Réglementation et fiscalité

Réforme des labels : ce qui a changé récemment

Les entreprises ne peuvent plus se contenter d’un logo rassurant ou d’une promesse bien formulée. Entre réforme, mise à jour des normes et durcissement de la réglementation, les labels ont changé de rôle, et…

Réforme des labels : ce qui a changé récemment

Les entreprises ne peuvent plus se contenter d’un logo rassurant ou d’une promesse bien formulée. Entre réforme, mise à jour des normes et durcissement de la réglementation, les labels ont changé de rôle, et leur impact se lit désormais dans les audits, les chaînes d’approvisionnement et la qualité perçue.
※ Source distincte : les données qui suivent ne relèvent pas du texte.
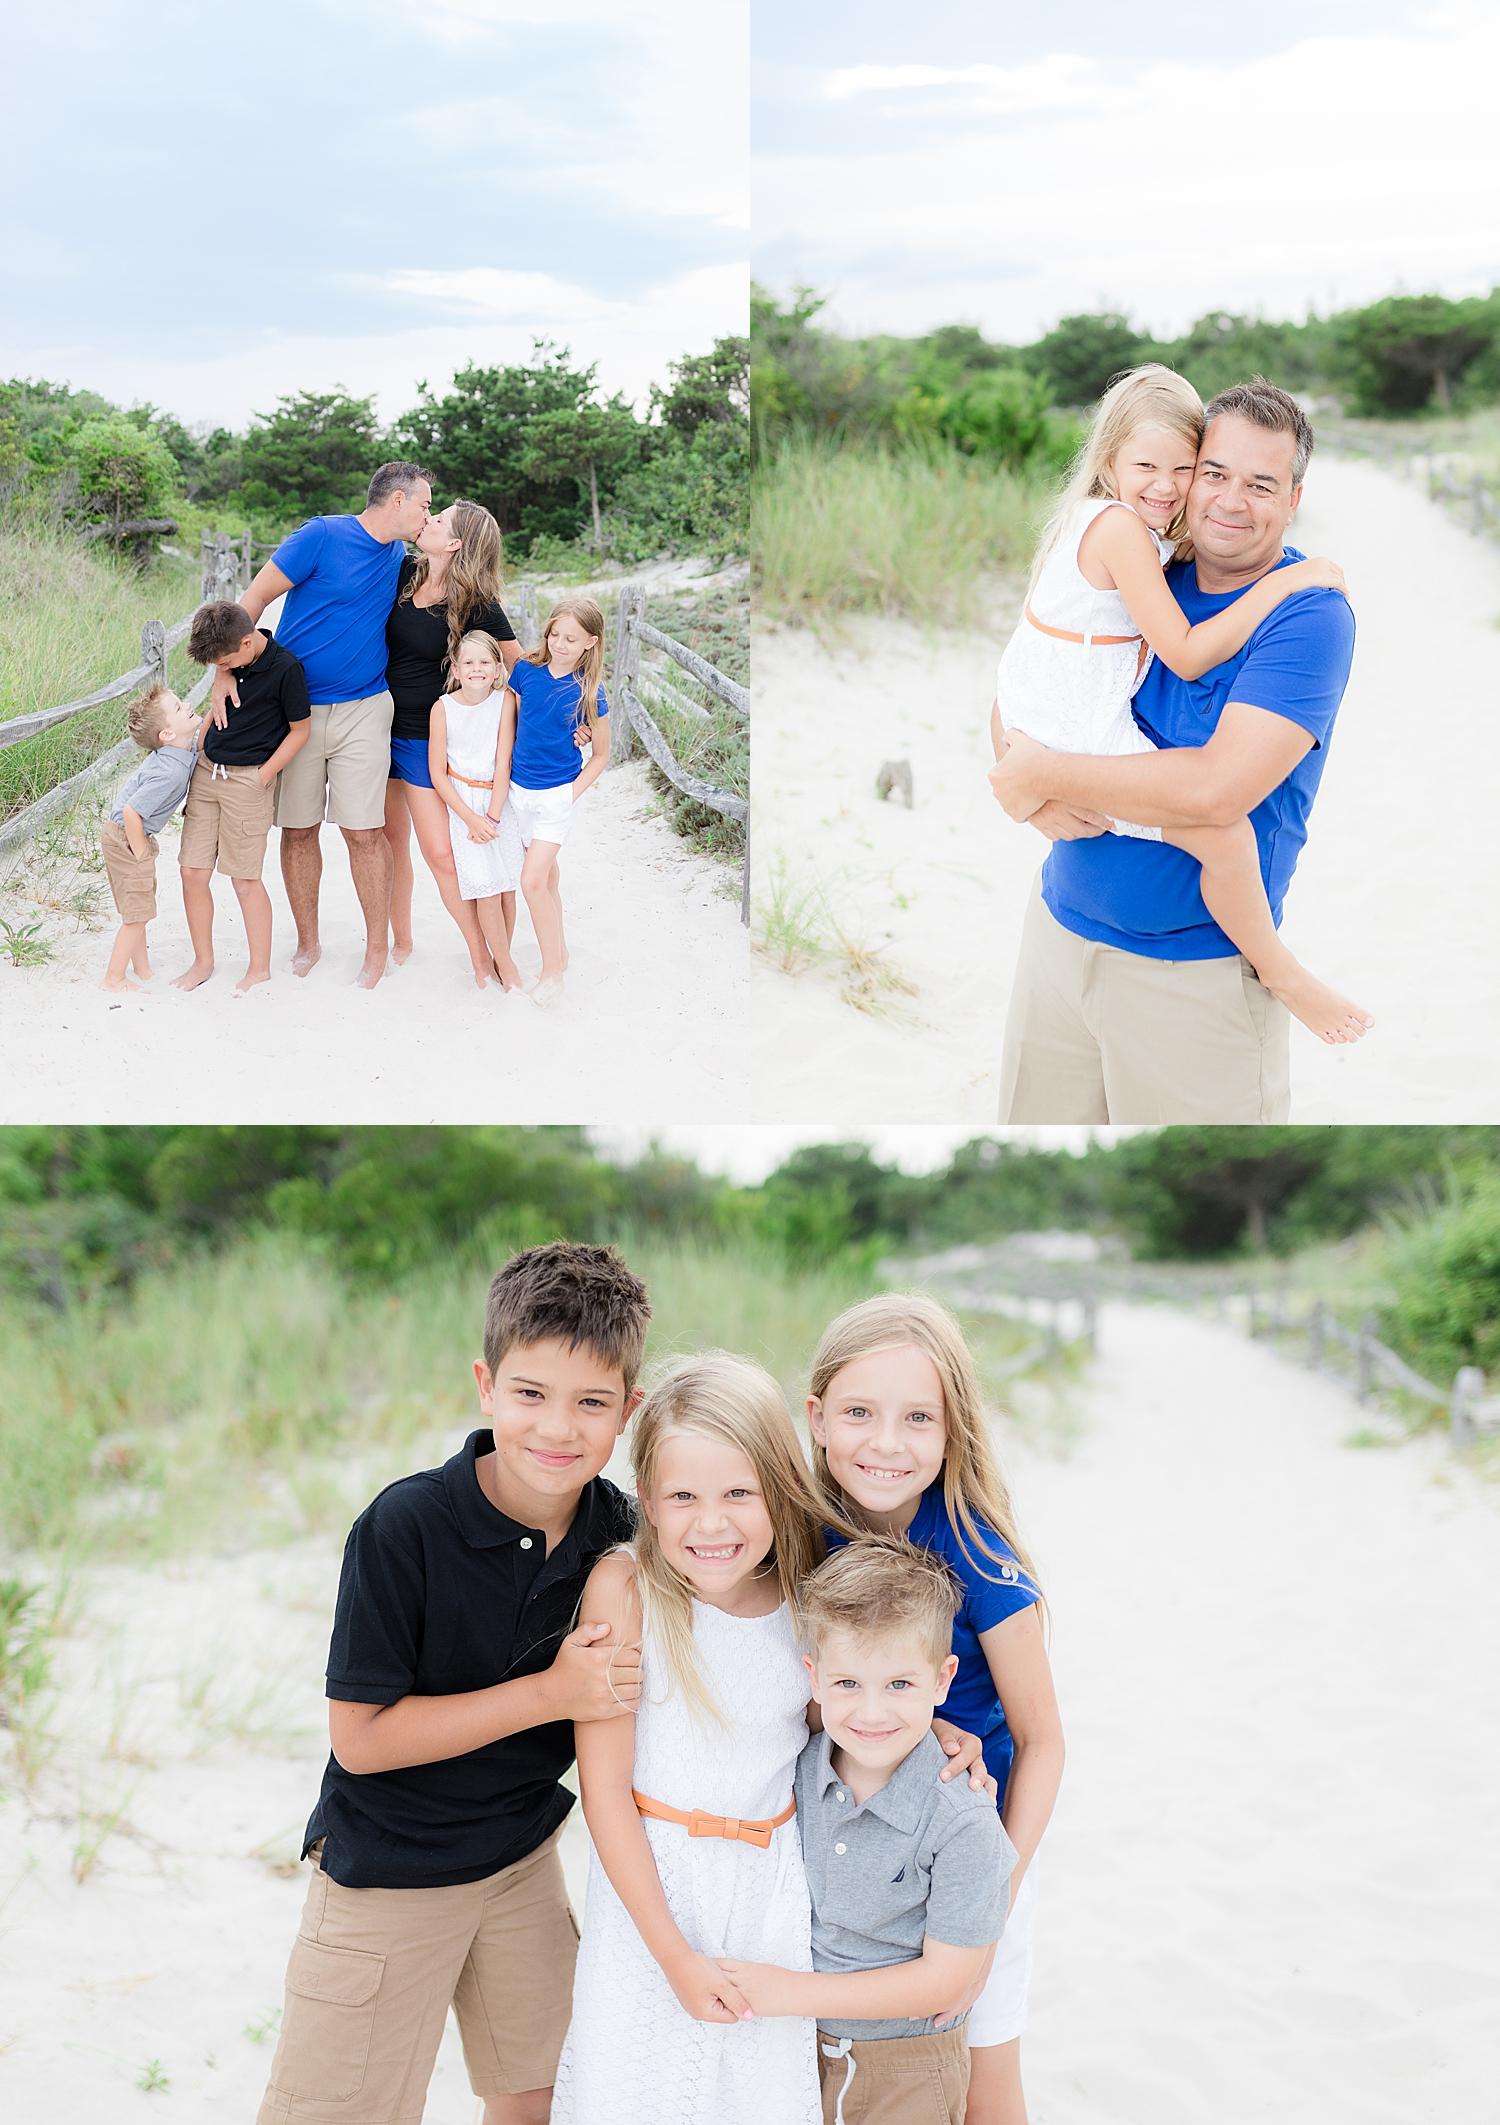 jersey shore family beach photo portrait

Ce changement se voit autant dans le B2B que dans les rayons alimentaires, où la multiplication des signes brouille parfois la lecture. Selon l’INAO, la clarté devient un enjeu central, tandis que selon l’Ilec, la profusion des logos entretient une confusion durable, ce qui prépare le terrain pour une lecture plus exigeante des labels.

A retenir :


  • Crédibilité renforcée par preuves mesurables
  • Labels utiles, mais choix stratégique
  • Risque de confusion avec les signes commerciaux
  • Normes, audits et traçabilité au cœur
  • Réforme européenne favorable à la lisibilité

Pourquoi la réforme des labels change les règles du jeu

Le premier effet de la réforme tient à un déplacement net des attentes. Là où la communication suffisait parfois, les parties prenantes réclament désormais des éléments vérifiables, comparables et suivis dans le temps. Pour une PME comme pour un grand groupe, ce passage à la preuve modifie le rapport au label et aux normes associées.

Selon la dynamique décrite par la directive européenne EmpCo, les allégations générales seront davantage encadrées, ce qui réduit l’espace des formules vagues. Ce resserrement répond à une réalité simple : le greenwashing et le social washing ont abîmé la confiance, et la certification devient un filtre plus crédible que le discours.

Cadre d’évolution des labels :


Repère Situation observée Effet pour l’entreprise Lecture consommateur
Multiplication des logos Offre très fragmentée Nécessité d’arbitrer Confusion fréquente
Scores Montée du Nutri-Score Comparaison plus simple Lecture rapide
Labels RSE Usage en B2B Crédibilité fournisseur Confiance accrue
Encadrement européen Allégations mieux contrôlées Risque juridique réduit Repères plus nets

Cette évolution n’est pas seulement juridique, elle est aussi commerciale. Quand une enseigne ou un industriel affiche un label, la promesse doit tenir face aux acheteurs, aux médias et aux investisseurs, sinon le bénéfice réputationnel s’érode très vite.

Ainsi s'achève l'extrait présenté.